The right technology can help minimize the level of resources required to identify new products or service upgrades that agents can offer customers.
A Slow, Steady Shift
The move to embrace Big Data solutions won’t happen overnight for many contact centers. For years, customer care organizations have struggled to recognize the benefits of transforming the structured and unstructured data they collected from billions of customer interactions each year.
Despite their long history of collecting raw consumer data, contact centers are making slow but steady progress toward moving beyond traditional key performance indicator measurements—such as average talk time and average speed of answers—and implementing Big Data analytics to meet their customer service objectives.
The abundance of information gathered from recording calls between agents and customers, makes it the most valuable collection of custom intelligence. And yet, call recordings are a prime example of data sources that are often underexploited for business purposes. Although hundreds of millions of calls are recorded in contact centers throughout the year, some experts agree that a small percentage of these recordings are ever played back and listened by managers.
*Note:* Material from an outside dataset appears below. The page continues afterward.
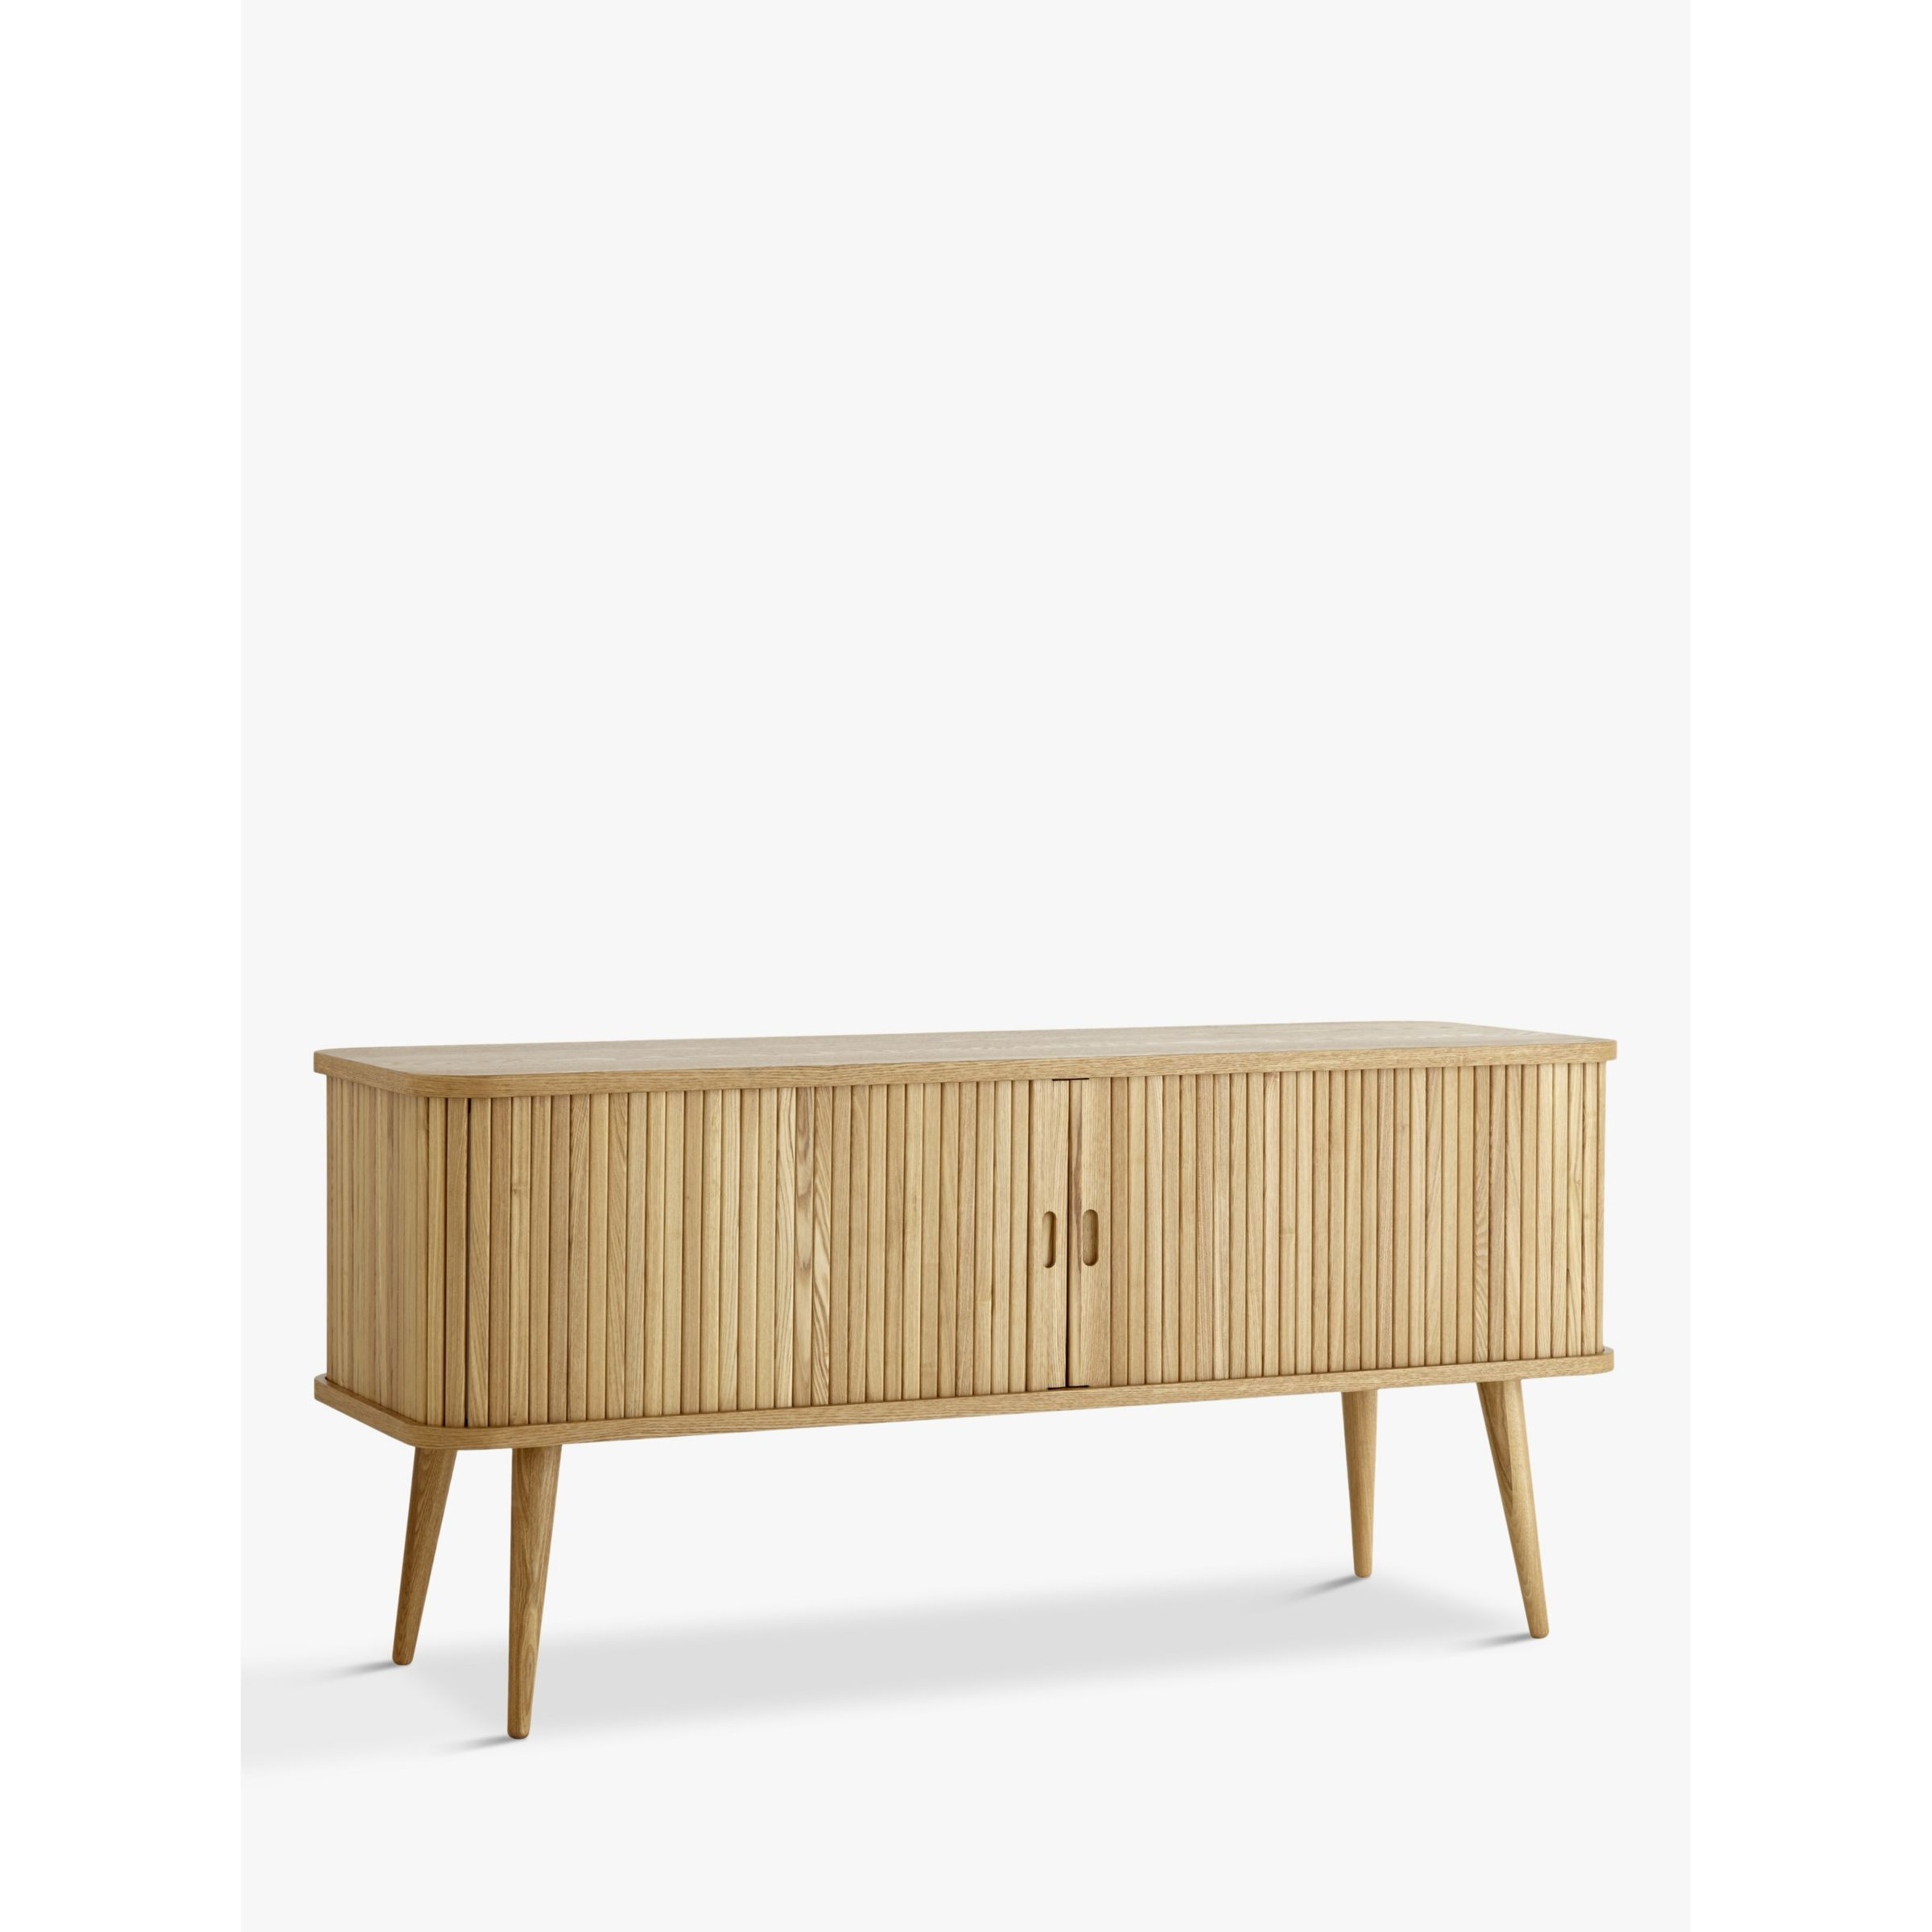 "John Lewis Grayson TV Stand Sideboard for TVs up to 60""" - image 1

However, over the last year or so, a growing number of customer care executives are having a greater appreciation for how Big Data is being used to revolutionize the way contact centers process information. As a result, the spectrum of analytics tools that vendors are making available to contact centers has grown exponentially.
Currently, speech analytics software and technology from companies such as Avaya, CallMiner, Nexidia, NICE Systems, Utopy and Verint Systems offer contact centers a variety of ways to automate the mining of customer transaction information from call recordings and transcripts and turn that content into usable business information.
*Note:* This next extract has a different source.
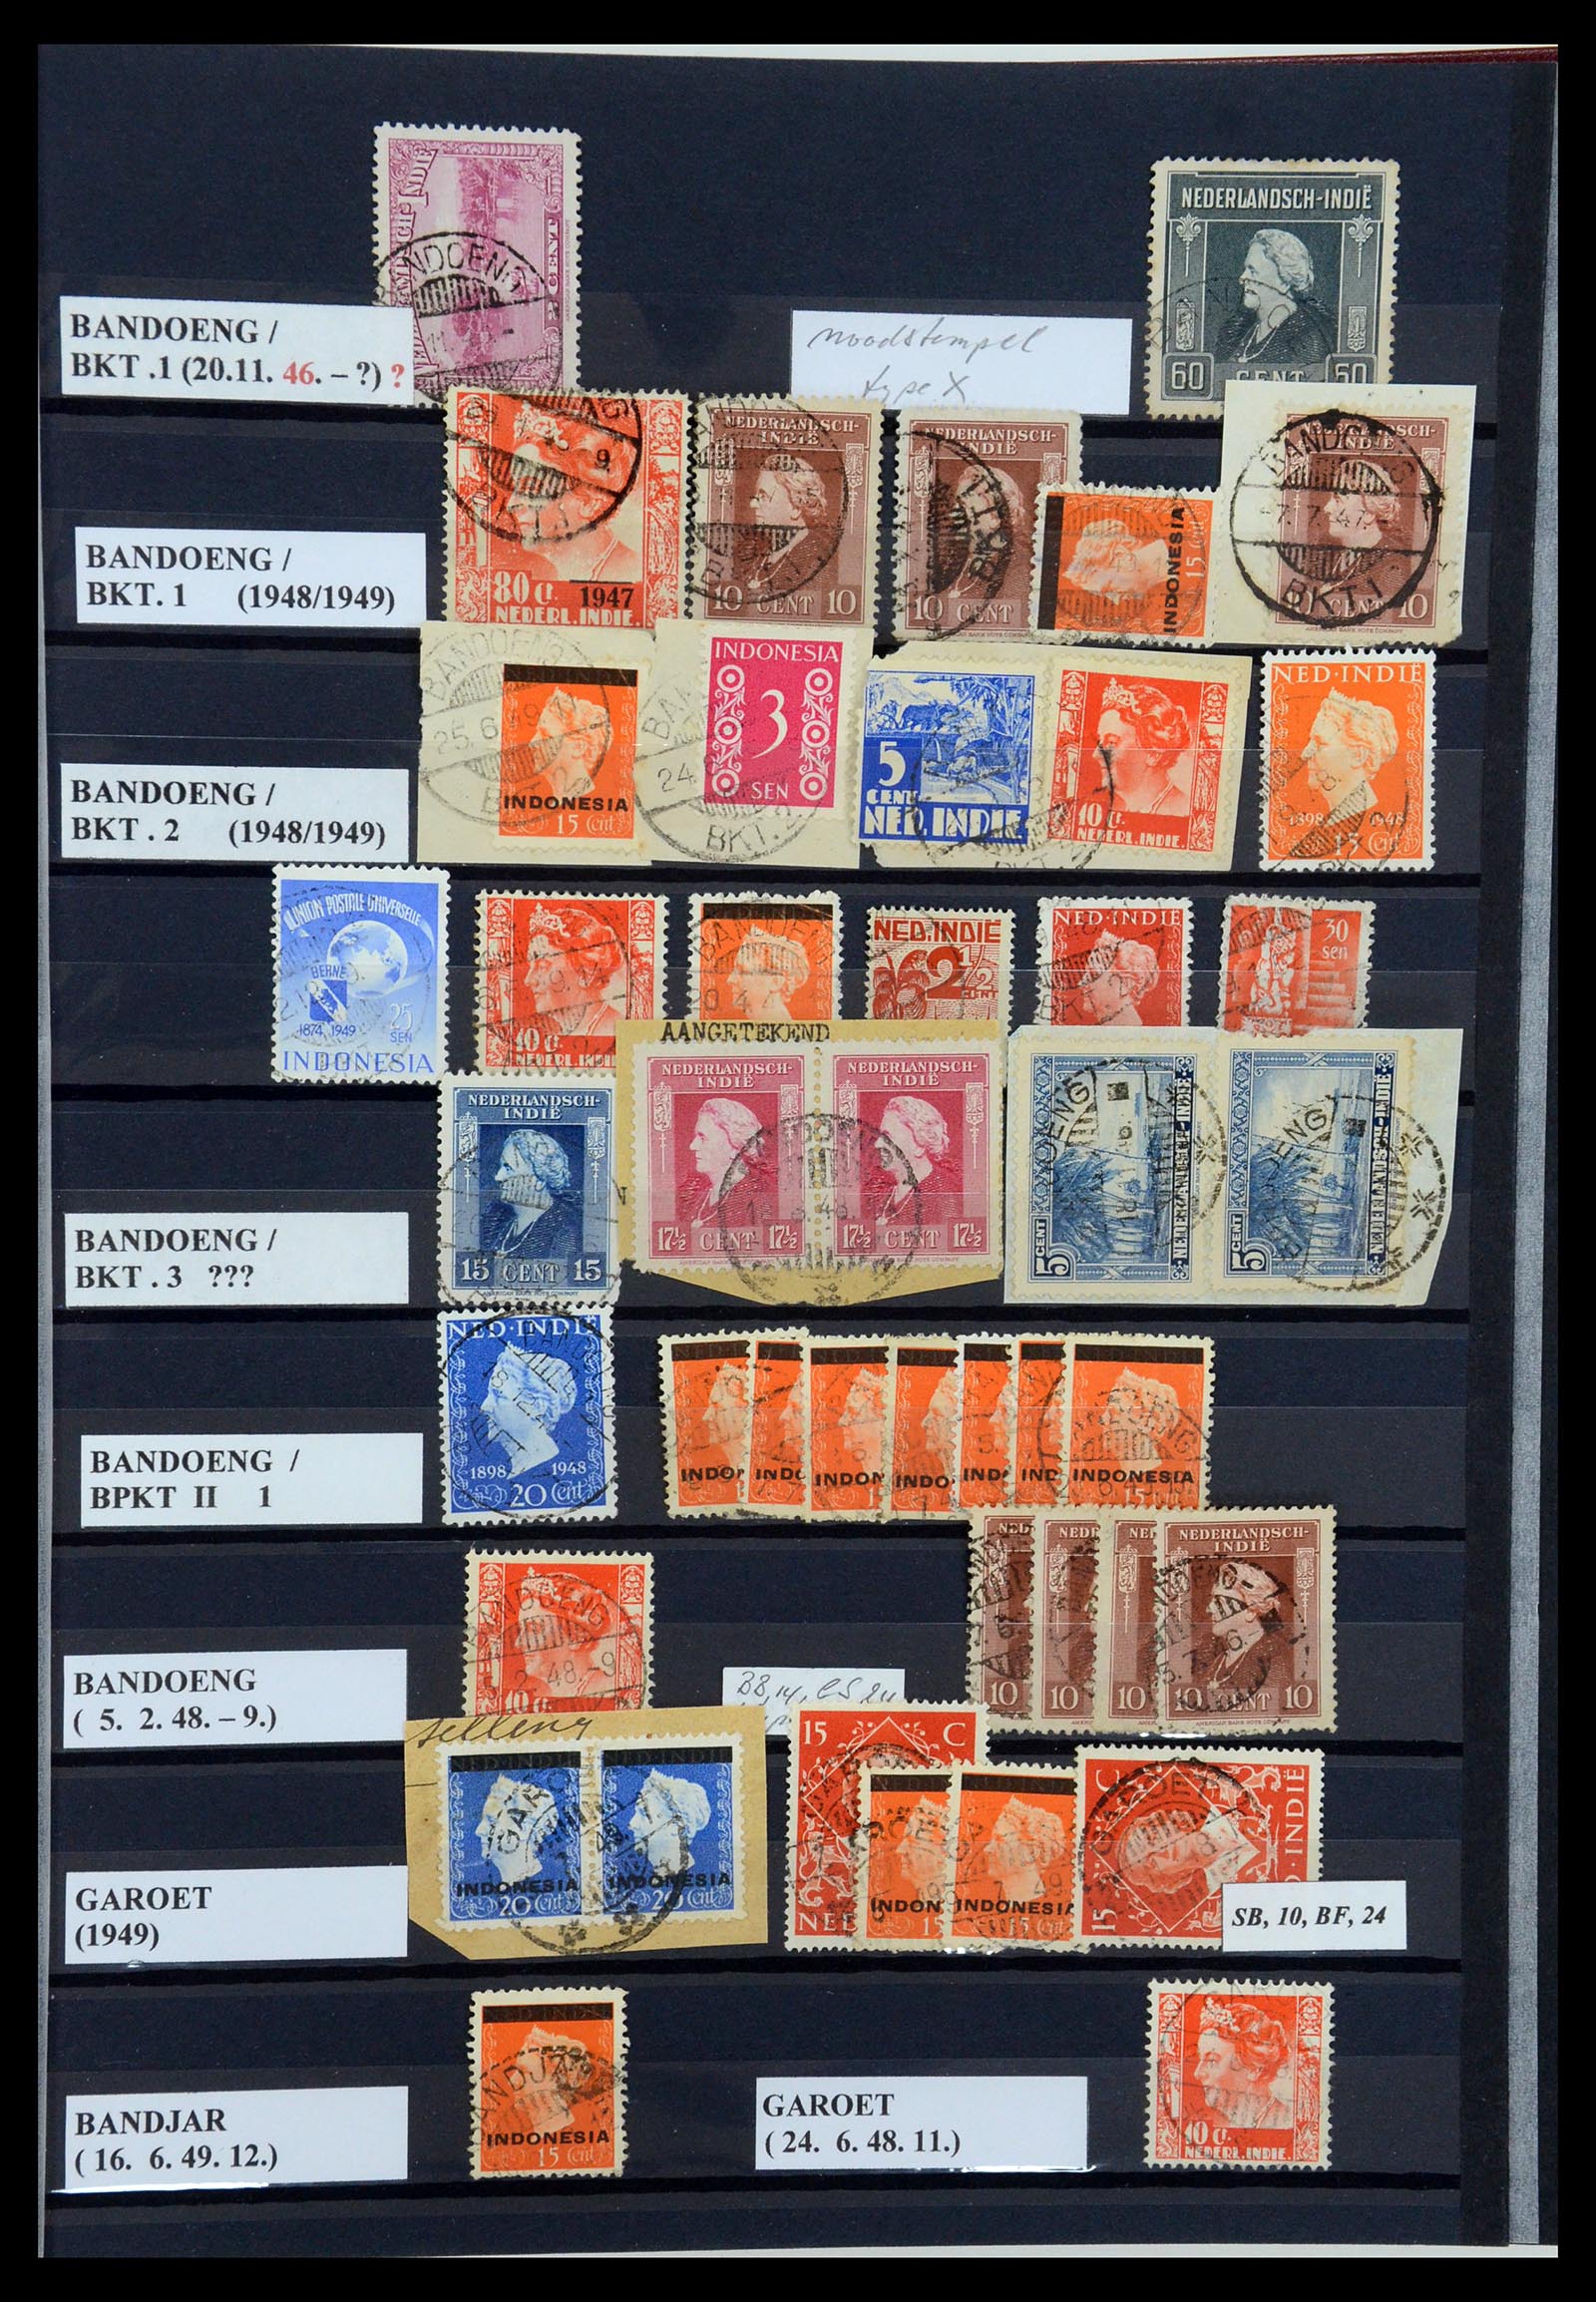 35612 073 - Stamp Collection 35612 Dutch east Indies cancels.

Rather than just periodically listening to a call recording to make sure agents are sticking to the script, contact center supervisors can take further steps to leverage that unstructured data. Big Data analysis enables managers to identify conversations where the customer says, “never again,” or “doesn’t work” or any such keywords that signal their dissatisfaction. Strategic analysis of Big Data extracted from recordings will go far in improving customer retention policies.
Telephone call recordings are not the only valuable data source. Customer interactions can take place over a multiple of different channels, including email, instant messaging, computer screen recordings and Web forms. The good news is that today there are huge growth opportunities in Big Data analysis, and it is proving to have a very attractive return on investment for contact centers investing in the process.
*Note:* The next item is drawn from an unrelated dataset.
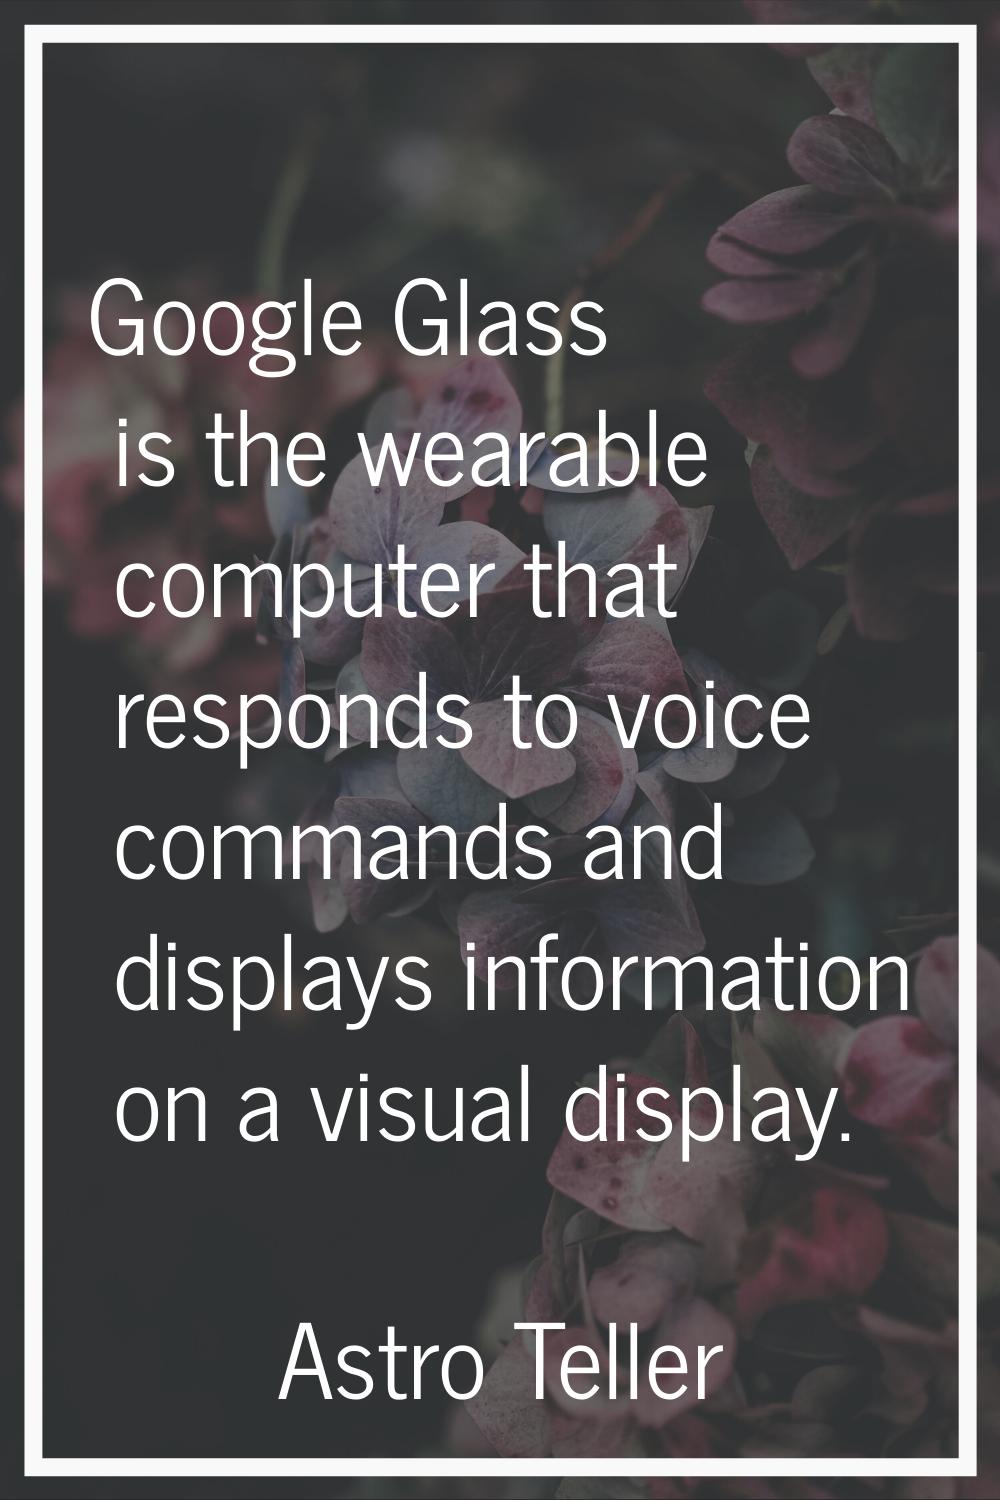 Google Glass is the wearable computer that responds to voice commands and displays information on a

One thing that is certain in this new phenomenon of data-driven technology: It is pushing the bounds of systems used to judge customer sentiments and behaviors. Data analytics is doing a remarkable job of linking disparate data silos to patterns of customer behavior and trends that are predictive. Big Data is motivating leading contact centers to move away from pure cost reduction strategies and invest in analytic tools that effectively improve customer satisfaction and loyalty and provide real-time results.